#### [Exercise objective]
A faithful copy is needed of the lines below from the one with "Ý tưởng về một" up to and including the one with "Digital restaurierten Vektor"; set it down with no pictures and no other lines.

#### [Information]
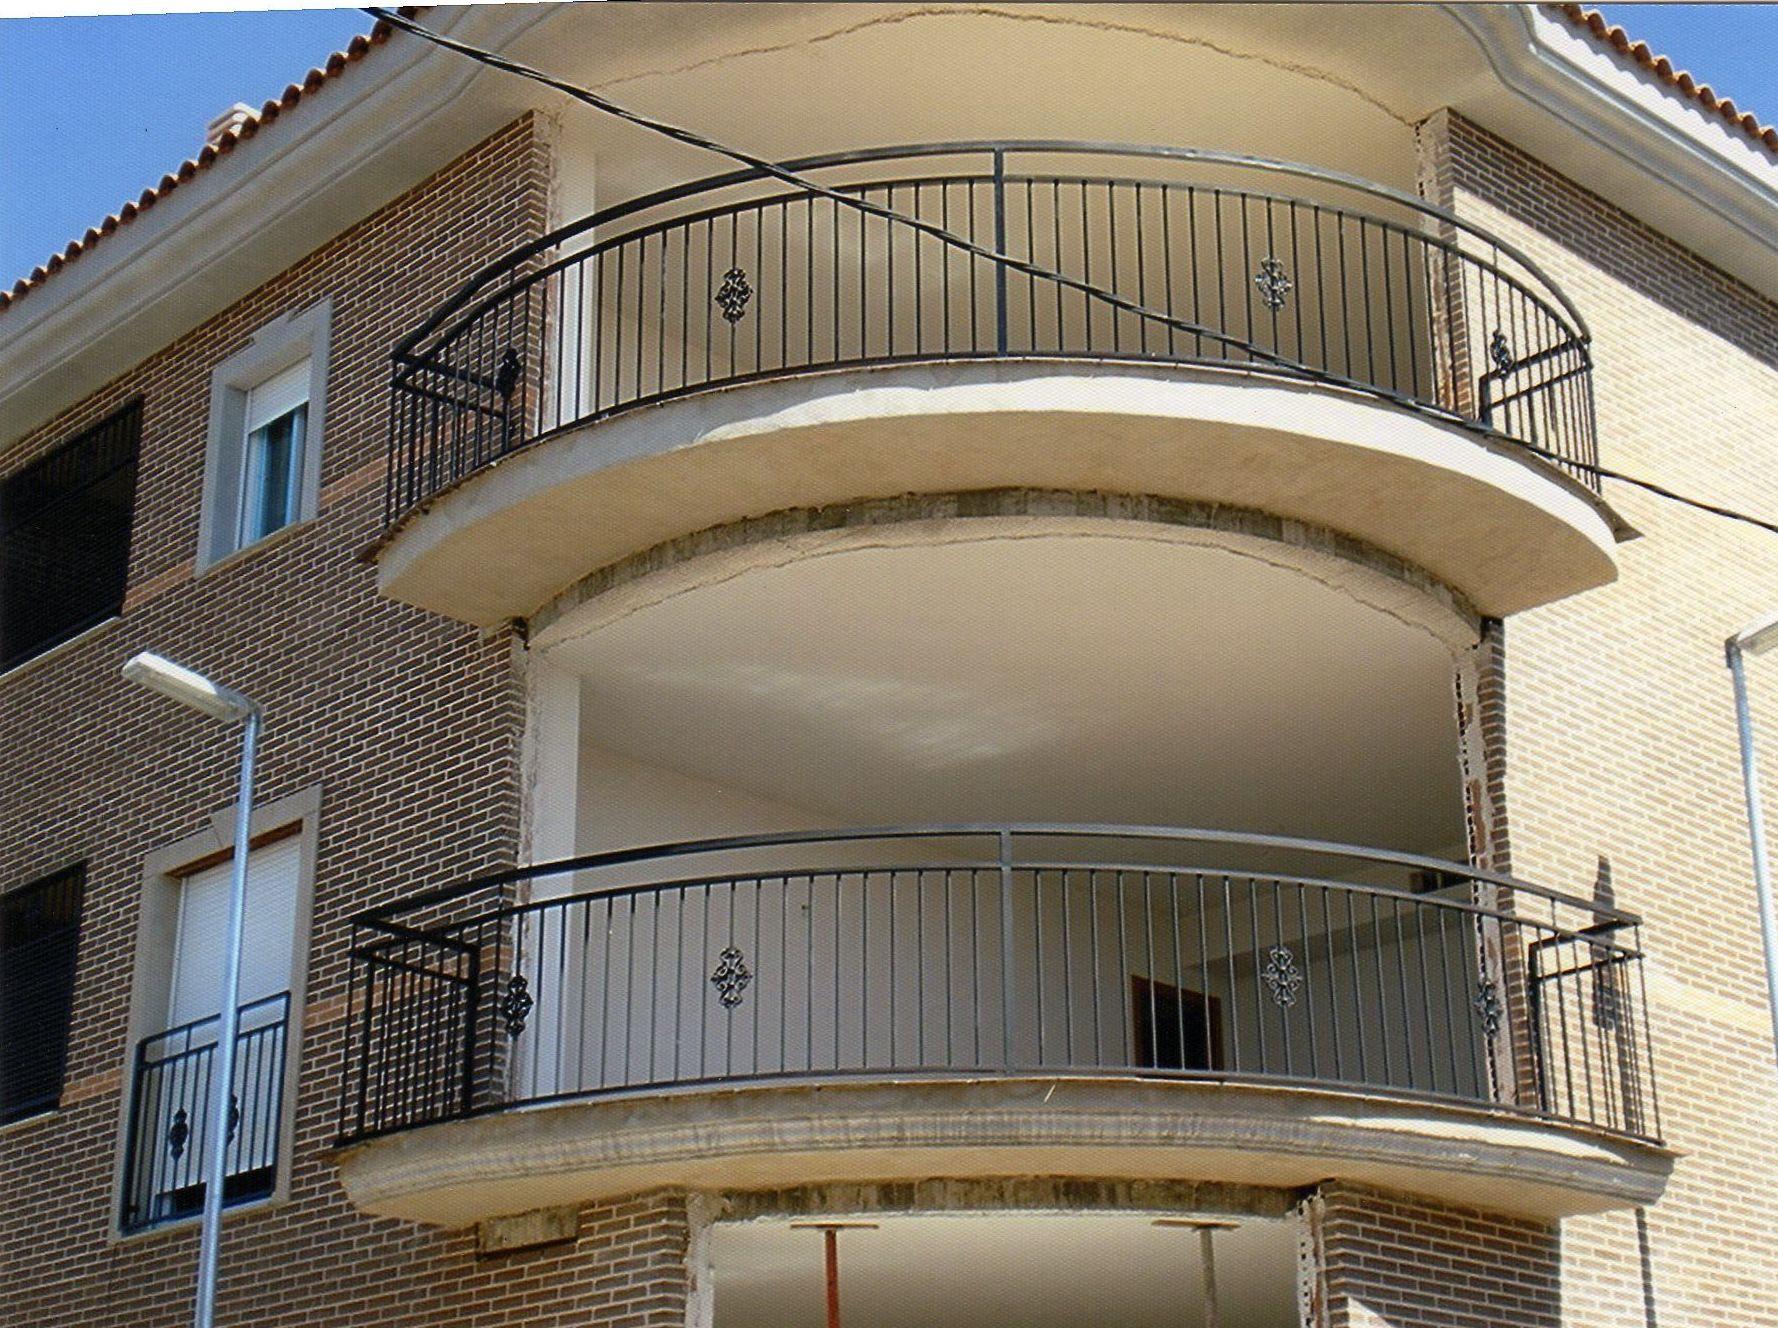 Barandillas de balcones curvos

---

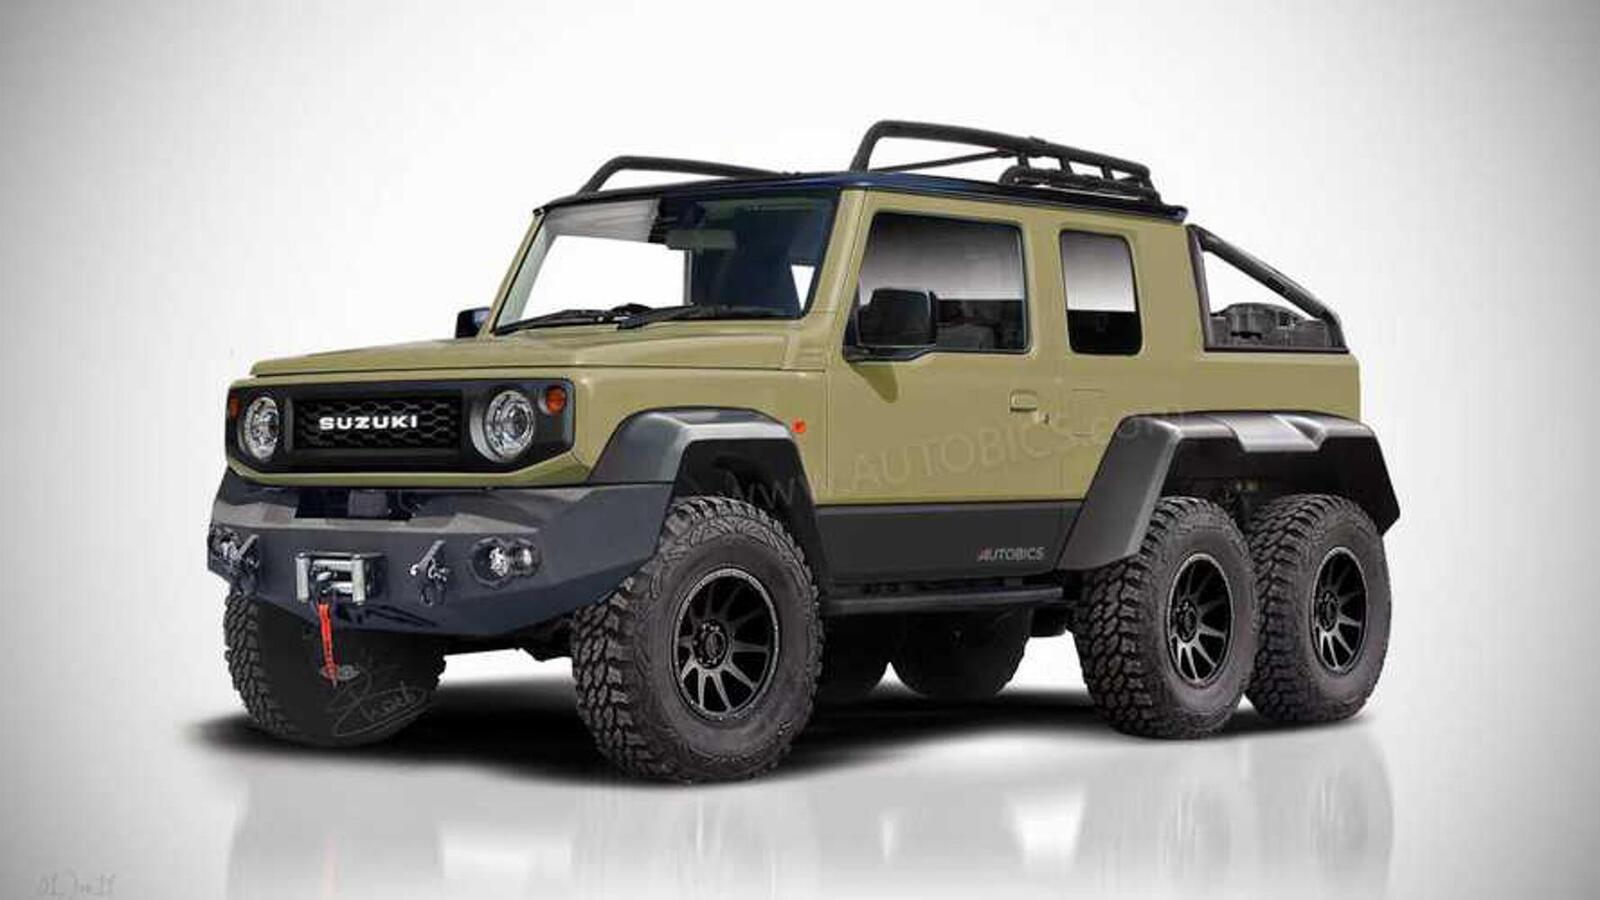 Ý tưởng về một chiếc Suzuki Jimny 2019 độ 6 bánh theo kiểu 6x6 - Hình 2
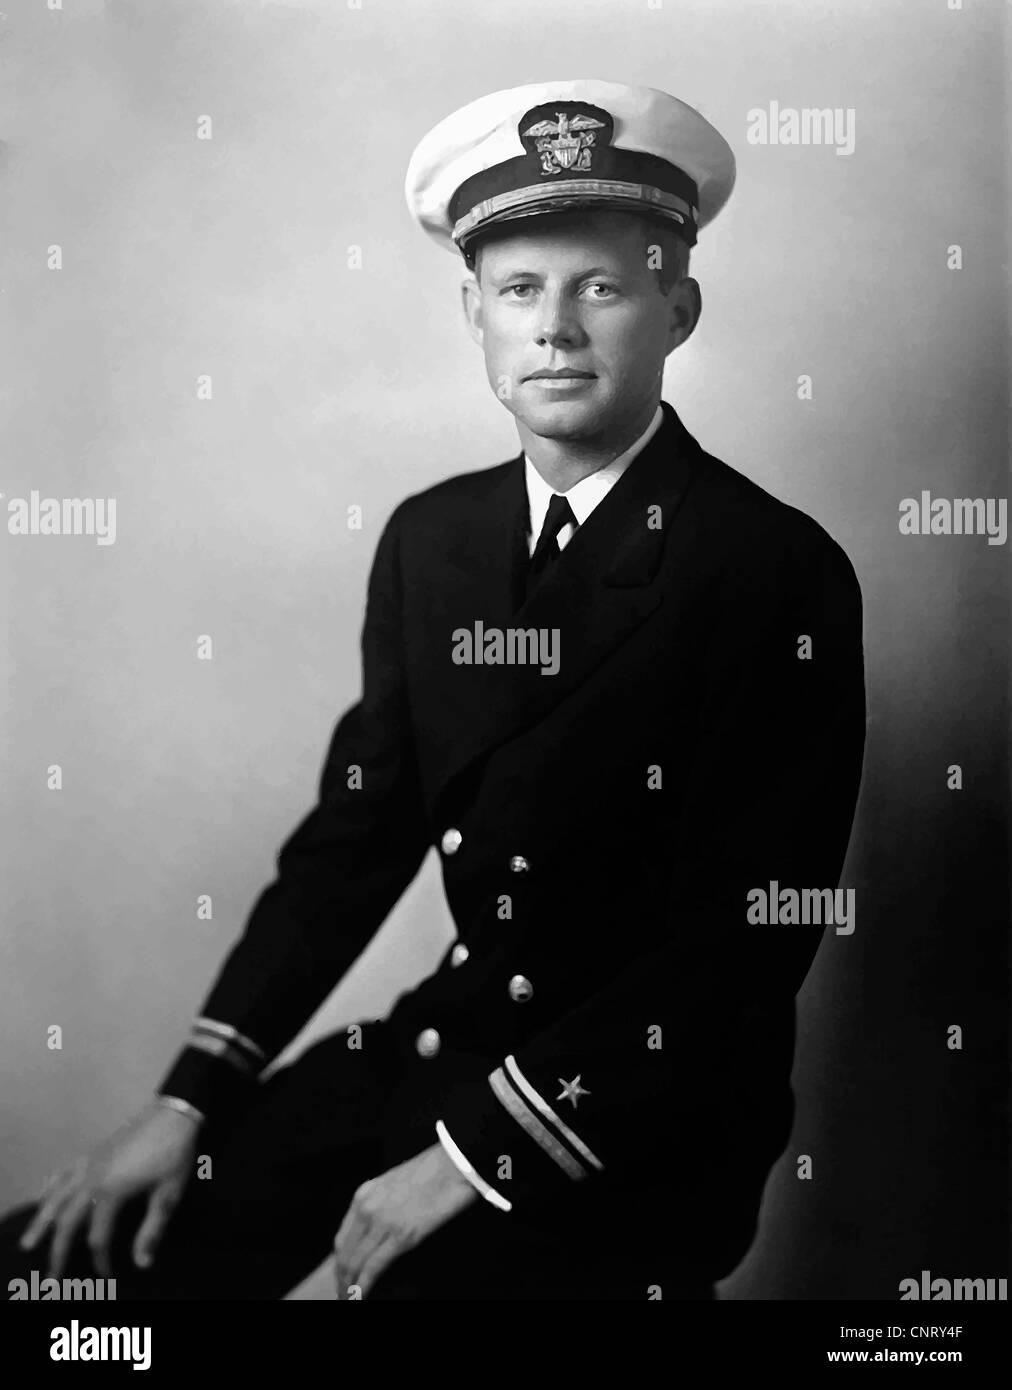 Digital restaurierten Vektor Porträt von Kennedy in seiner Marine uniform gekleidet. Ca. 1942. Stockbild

#### [Your response]
 Ý tưởng về một chiếc Suzuki Jimny 2019 độ 6 bánh theo kiểu 6x6 - Hình 2
 Digital restaurierten Vektor Porträt von Kennedy in seiner Marine uniform gekleidet. Ca. 1942. Stockbild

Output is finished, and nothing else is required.